My final love “wink” from God came on Sunday morning, when I headed back up to cemetery. I had previously noticed a grave marker for a monk whose birthday (month and day) was the same as my son’s. When I looked again, I noticed that the date of death (month and day) was the same as my stepson’s.

It was incredible how quickly time sped by over the course of the weekend. I didn’t experience any dramatic burning bush or road to Damascus encounters, but felt powerfully and deeply cared for and restored as I headed home. Once we could talk again, I tried to express my gratitude to the young veterans. I hugged them all and awkwardly explained to one (a former Army tank driver) how he and his friends had been such a comfort, to which he replied, “Thank you, Ma’am. Glad we could help.”

 

8 thoughts on “My Second Silent Retreat

  1. What a beautiful post! And, so different from your last one. I didn’t realize that you had lost a stepson. I am so sorry… I can’t imagine that grief. It is amazing how the universe sent you those wonderful young people to share your silence with.

    • Thank you! Yes, this was a very different experience than my Las Vegas experience. I’m glad I was able to do this afterward – I feel like I got a “deep cleansing!” We lost my husband’s oldest son in a tragic accident. Something one never completely gets over. Thank you for your kind words.

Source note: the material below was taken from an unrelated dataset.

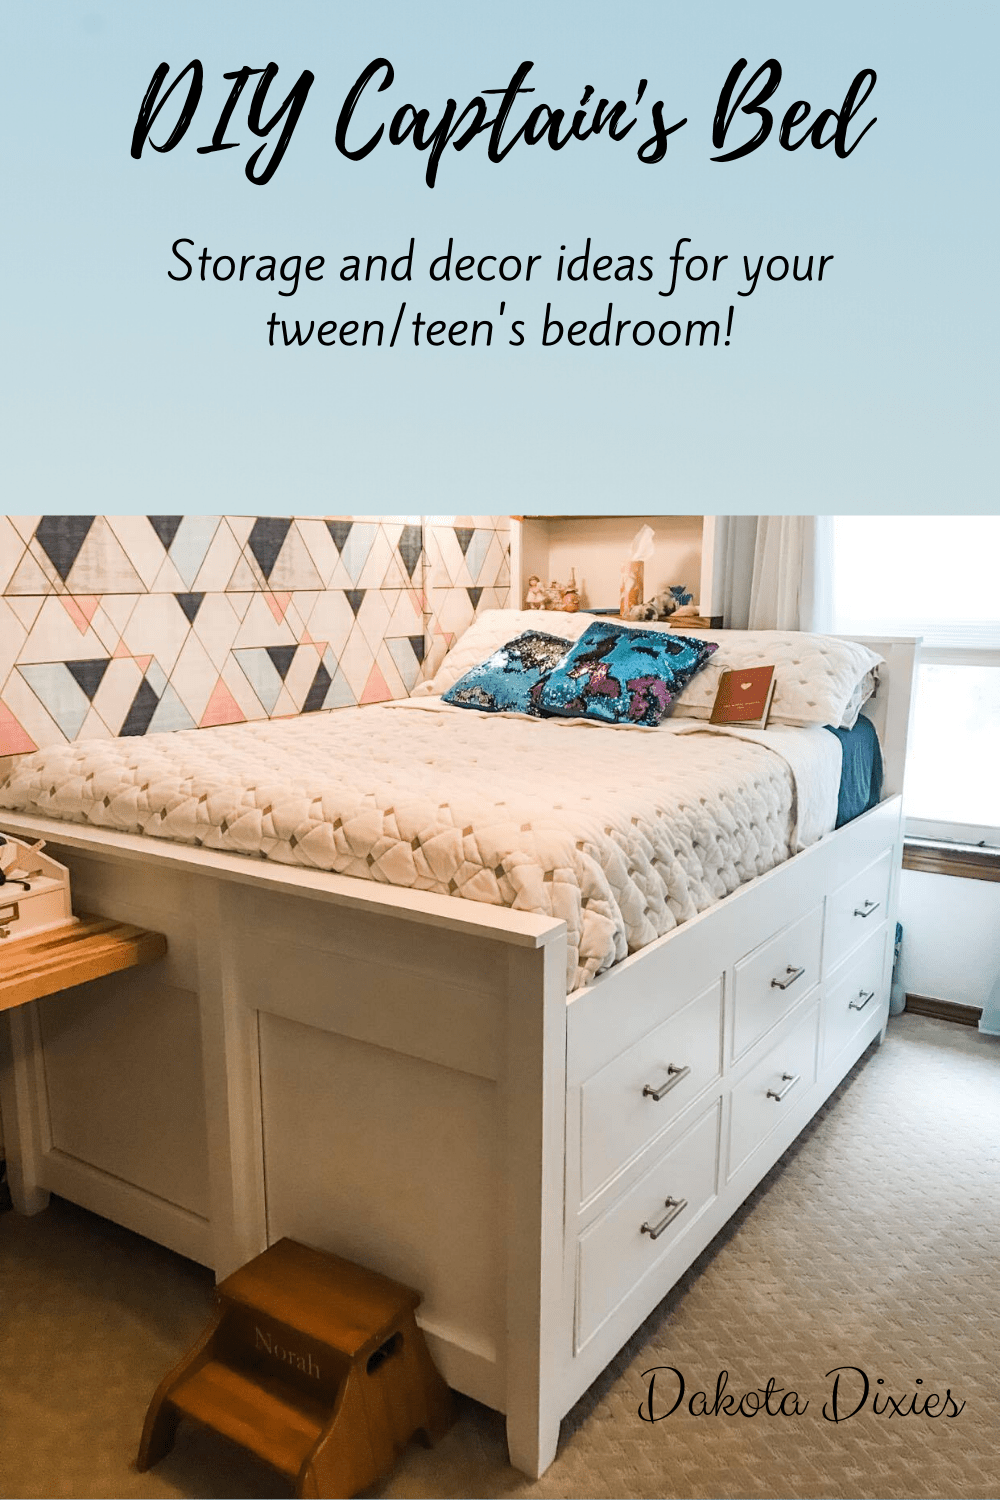 Bed Dakota Dixies Teen Bedroom Ideas, Diy Twin Captains Bed
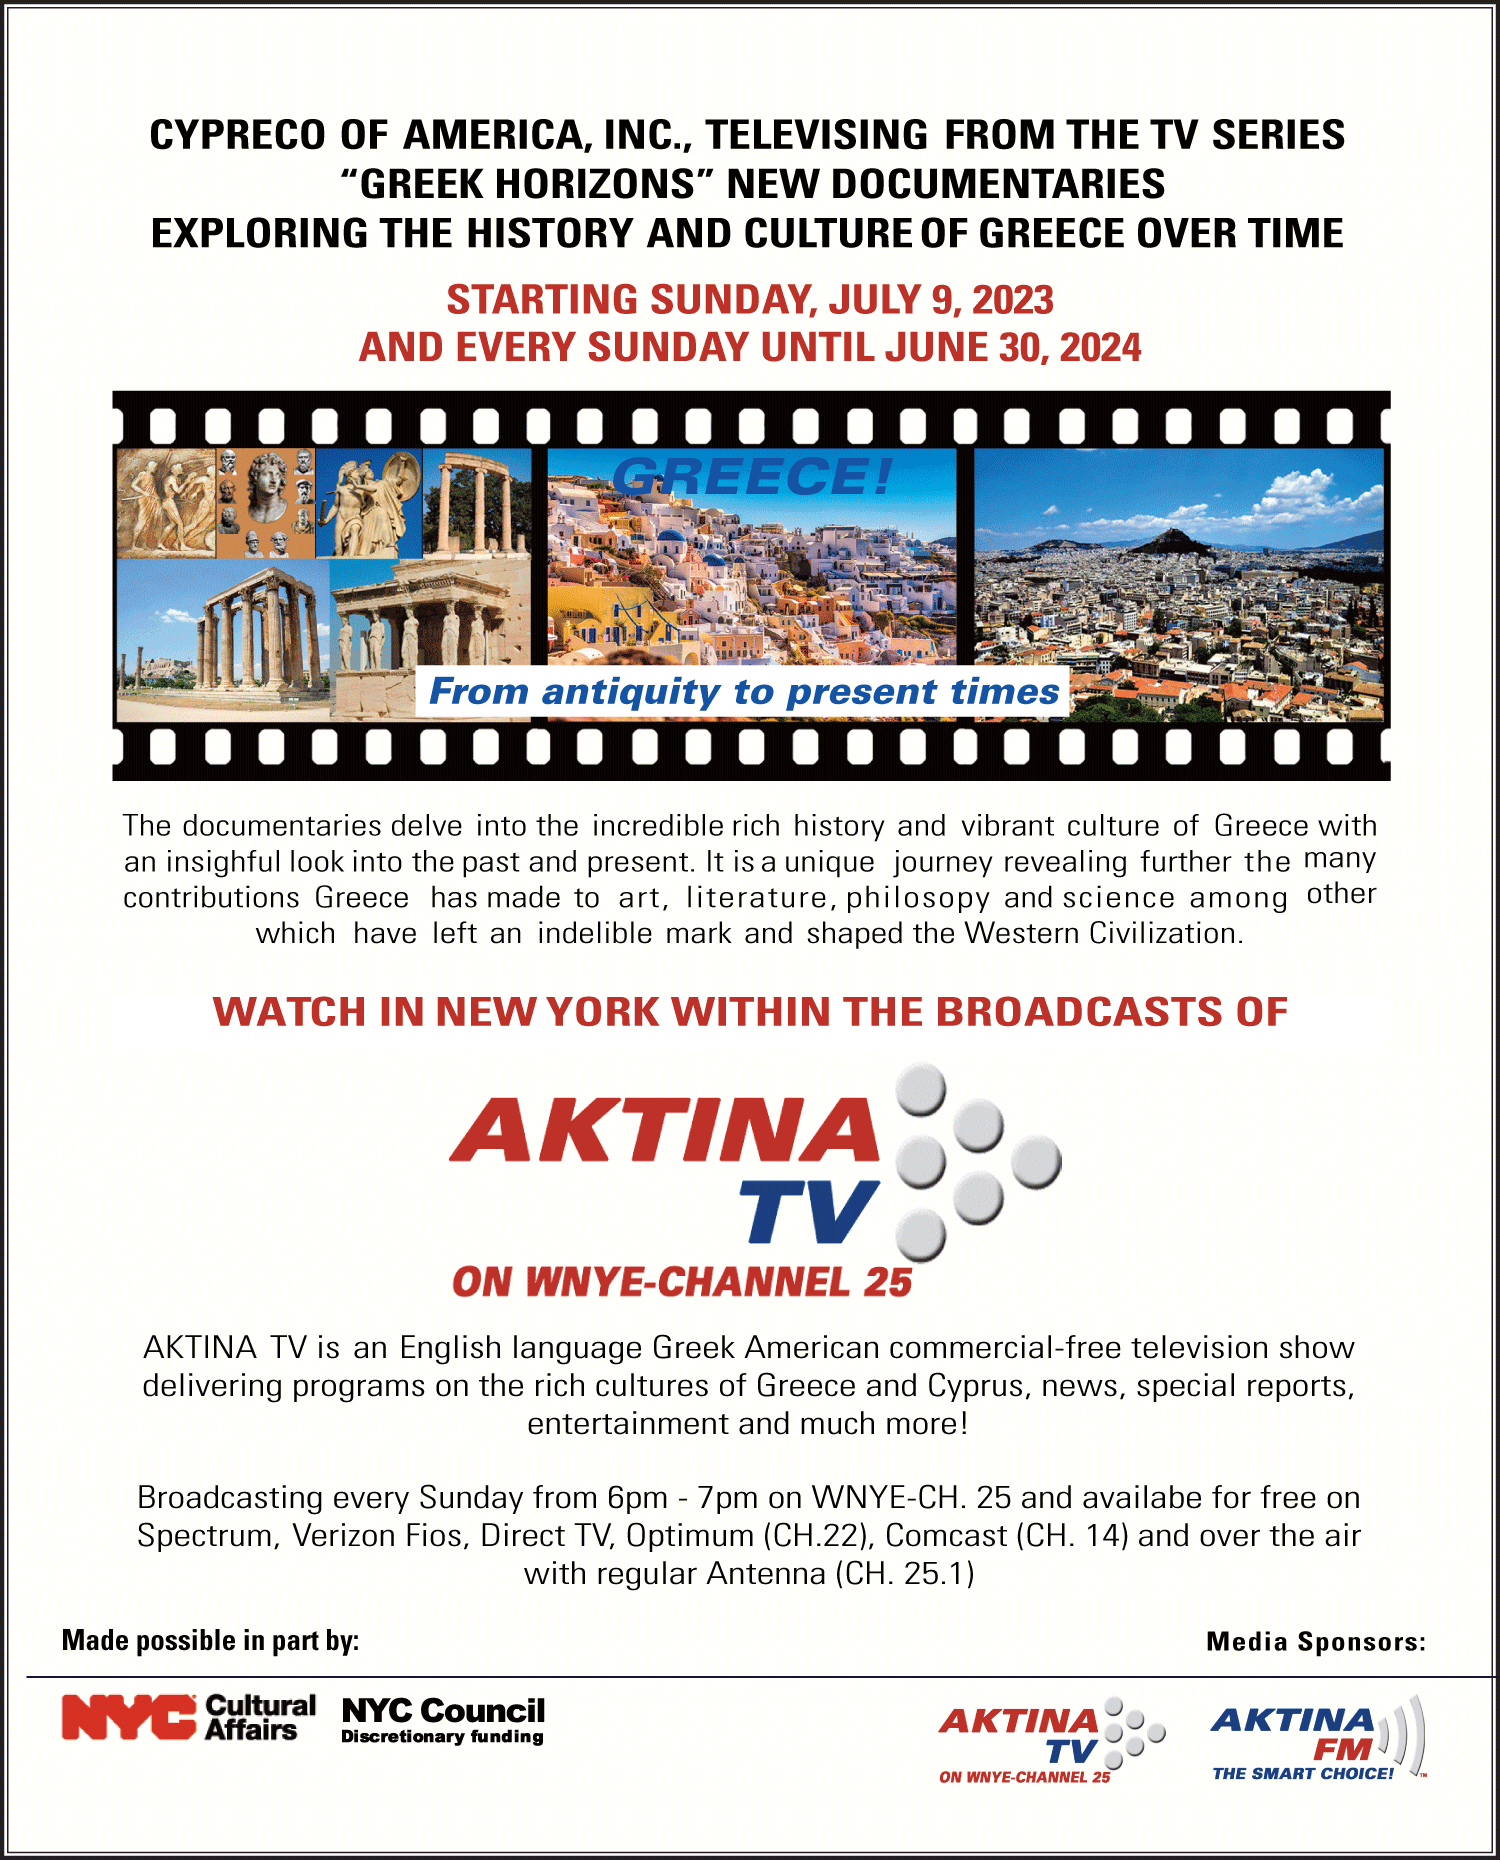 FY24 Cypreco Greek Documentaries

  2. Absolutely beautiful. You have a true gift and I’m so happy you share it.

    • Thank you, Pat! I’m so glad I have the time to write and get this all out of my system. Its been a real gift to be able to express myself int his way. Thanks for going along on the journey!

  3. Wonderful blog, as always, Betsy. I can’t believe it’s been 14 years already. It was no coincidence that you came upon the
    monk’s grave marker who shared the same date of birth and date of death as David’s – God works in (wonderful) mysterious ways. Thanks for sharing.

  4. Thanks Betsy. Your words always bring me peace and comfort! Blessings to you during this Lent season.